В светлой ванной комнате Даня стеснялась раздеваться. В ней ведь не в своей полутёмной банёшке по-чёрному. Встала в ванну, включила душ и, боясь замочить голову, робко подставляла под тихие струйки воды то спину, то грудь. Вдруг явственно послышался Мишин голос: «Красивое у тебя тело! И морщинки не старят. Не подумаешь о твоих немалых годах, пролетевших…» — «Красивая, а век свой доживаю без тебя»,—будто ответила ему. «Таня, или не веришь моим словам?
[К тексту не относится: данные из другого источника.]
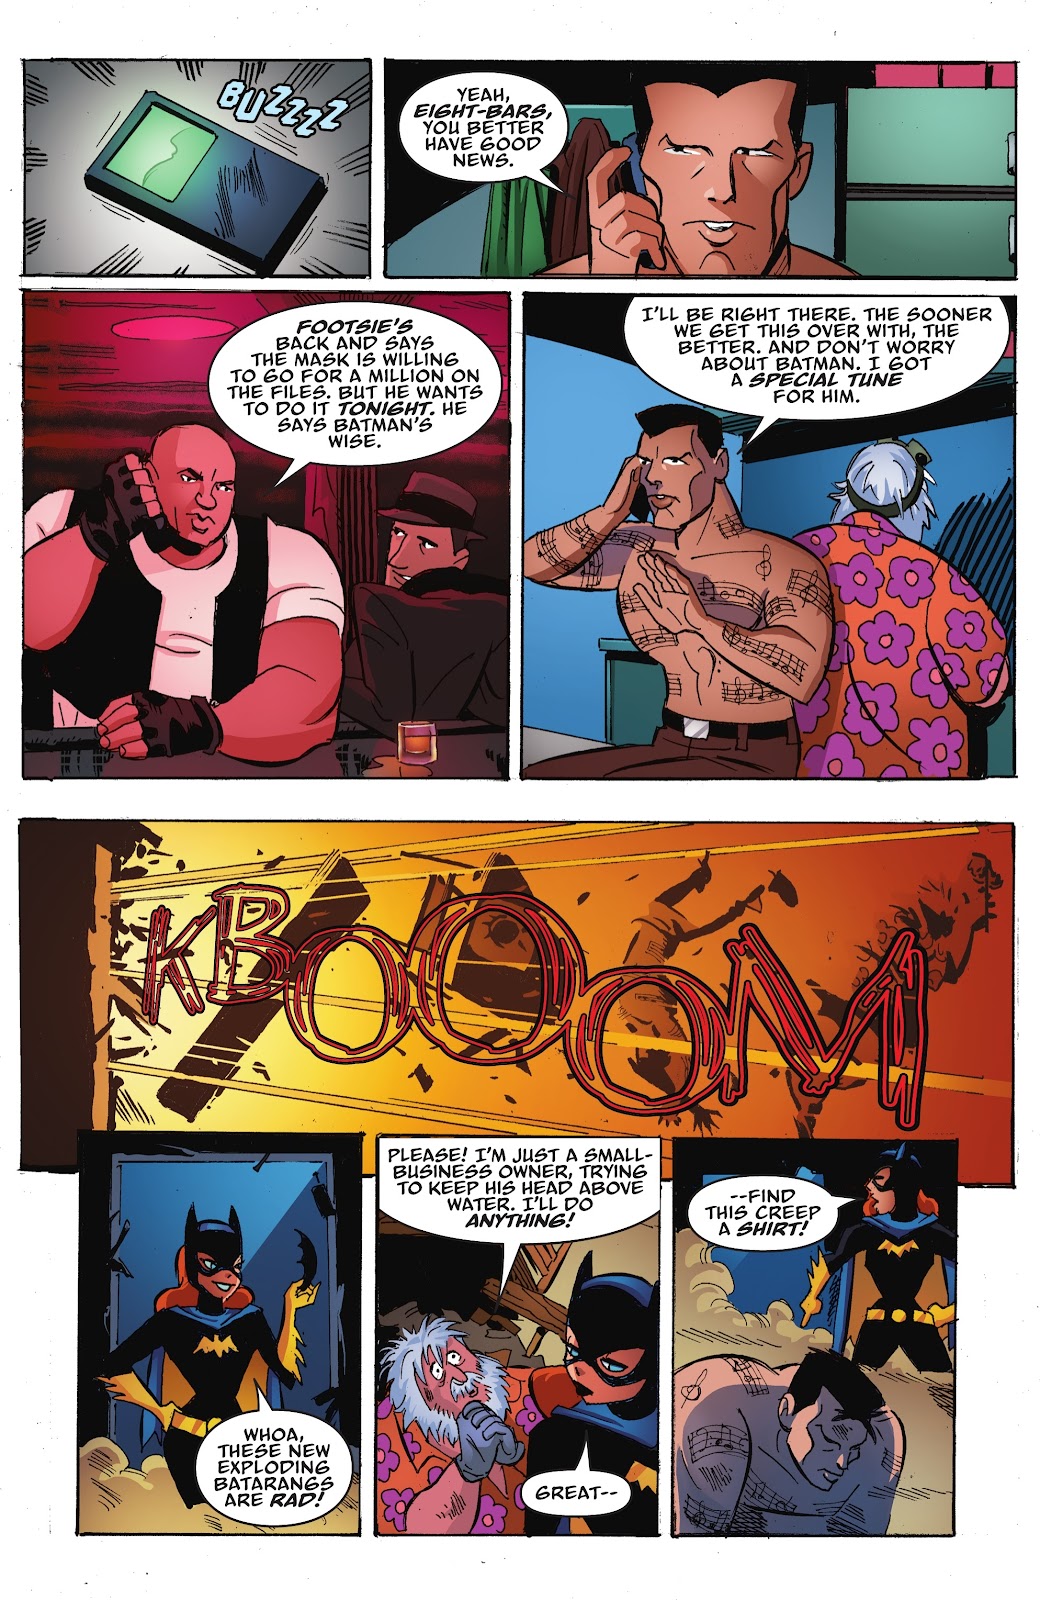 Batman: The Adventures Continue: Season Two issue 3 - Page 8
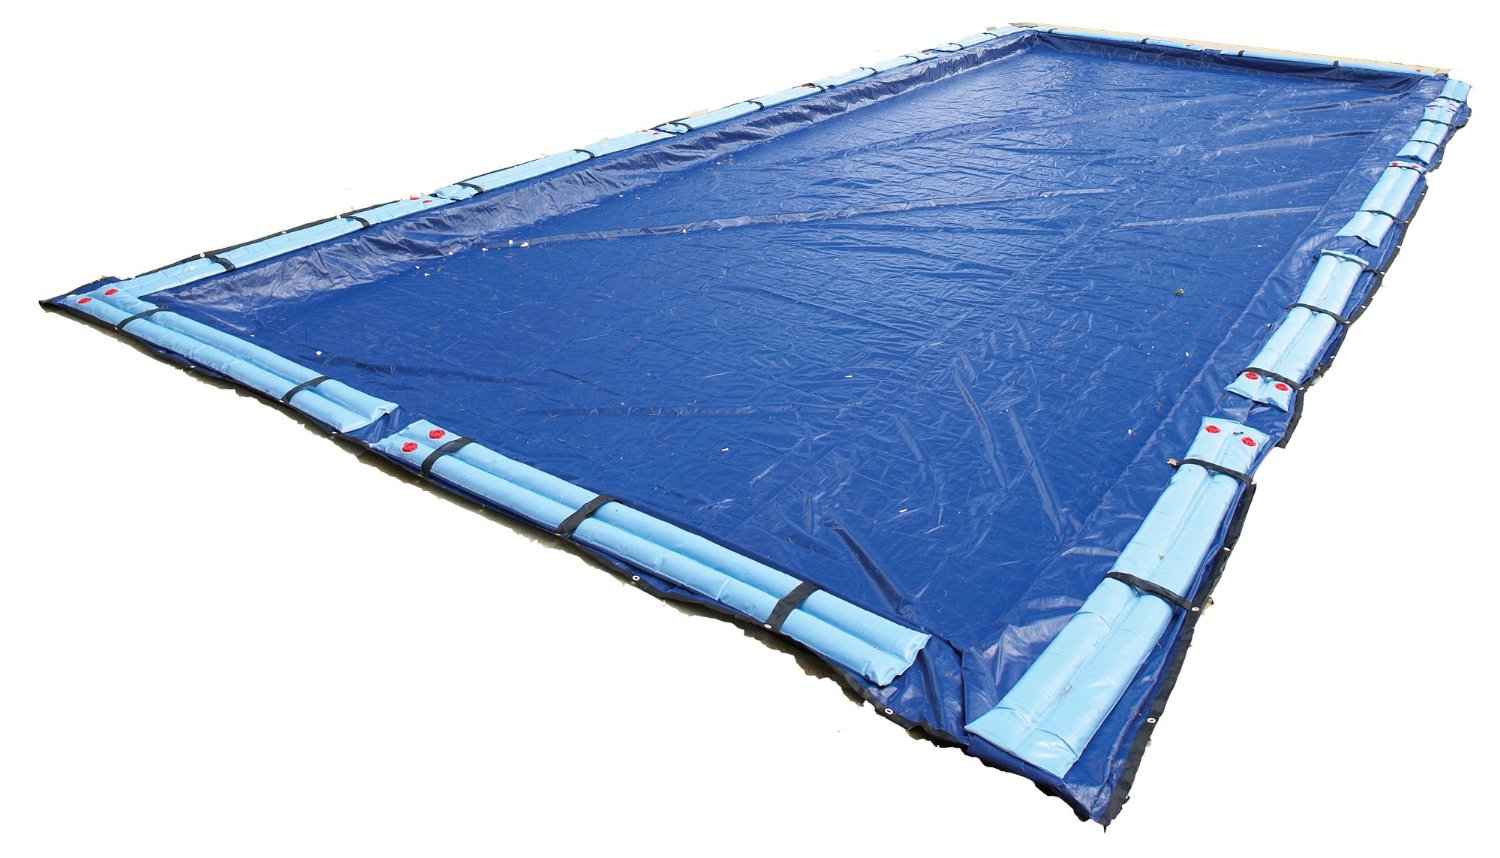 Winter Pool Cover Inground 16X36 Ft Rectangle Arctic Armor 15 Yr Warranty

Они у меня на вес золота, зря не похвалю», —опять услышала его. «Если хвалишь, то с кем-то сравниваешь?» — «Таня, я воевал более семи лет — повидал и пережил, о будущем вовсе не думал, о тебе и подавно, хотя помнил милой девчонкой. Я восхищался твоим отцом, желал быть похожим на него… Нечаянно повстречал его на фронте. Он ничего не знал о судьбе своей семьи. Когда рассказал ему, что знал и что помнил, то надо было видеть отца: и радовался, и плакал…»

Даня вскрикнула. Поскользнулась и упала, но не ушиблась, так как ванна была наполовину наполнена водой. Встать не могла, позвала Ксеню.

Хозяйка с испуганными глазами влетела к ней и, увидев барахтающуюся в воде Даню, взмолилась:

—Ох, вот беда-то! Жива, что ли? Как маленькая.

—Куда денусь. Стены каменны. На обмылышек, наверное, наступила? Может, с вина? и выпила-то глоточек, — проговорила Даня, встав во весь рост с помощью подруги. Про себя постыдилась, что солгала ей. Не открываться же сразу, когда самой не совсем понятно, вправду ли слышала голос мужа или вообразила? и сама с ним говорила? Зато о пропавшем отце узнала.

—Красивое у тебя тело! Не скажешь, что пенсионерка, — восхитилась Ксеня.

—Красивая, а век доживаю одна.

—Неужели не веришь мне? Зря не похвалю, ведь в городскую баню хожу каждую субботу, вижу — какие наши сестрицы: полные, неуклюжие, рыхлые, оплывшие… Все, с кем доводится мыться, жалуются на хвори, на боли, на мужа и на своих детей…

—Ну, если баба хвалит бабу, то в хвалёной есть изъян. Мужик бы похвалил — другой табак. Мужику поверю, но не каждому.

Они дружно посмеялись над Даниным вольным рассуждением.

«Не с ума ли начинаю сходить? Мишу слышала даже в чужом доме. Может, где-нибудь живой, вот и вспоминает нашу короткую совместную жизнь», — подумала Даня, выползая из ванны с помощью хозяйки.

—Ба, Ксеня, извини, наплескала на пол.

Ксеня отмахнулась и решила заменить полотенце. Но Даня остановила её неожиданным вопросом:

—Слышала, ваш сынок ухаживал за Светланой?

—Ухаживать-то некогда. Он в армии, — смиренно и тихо ответила Ксеня.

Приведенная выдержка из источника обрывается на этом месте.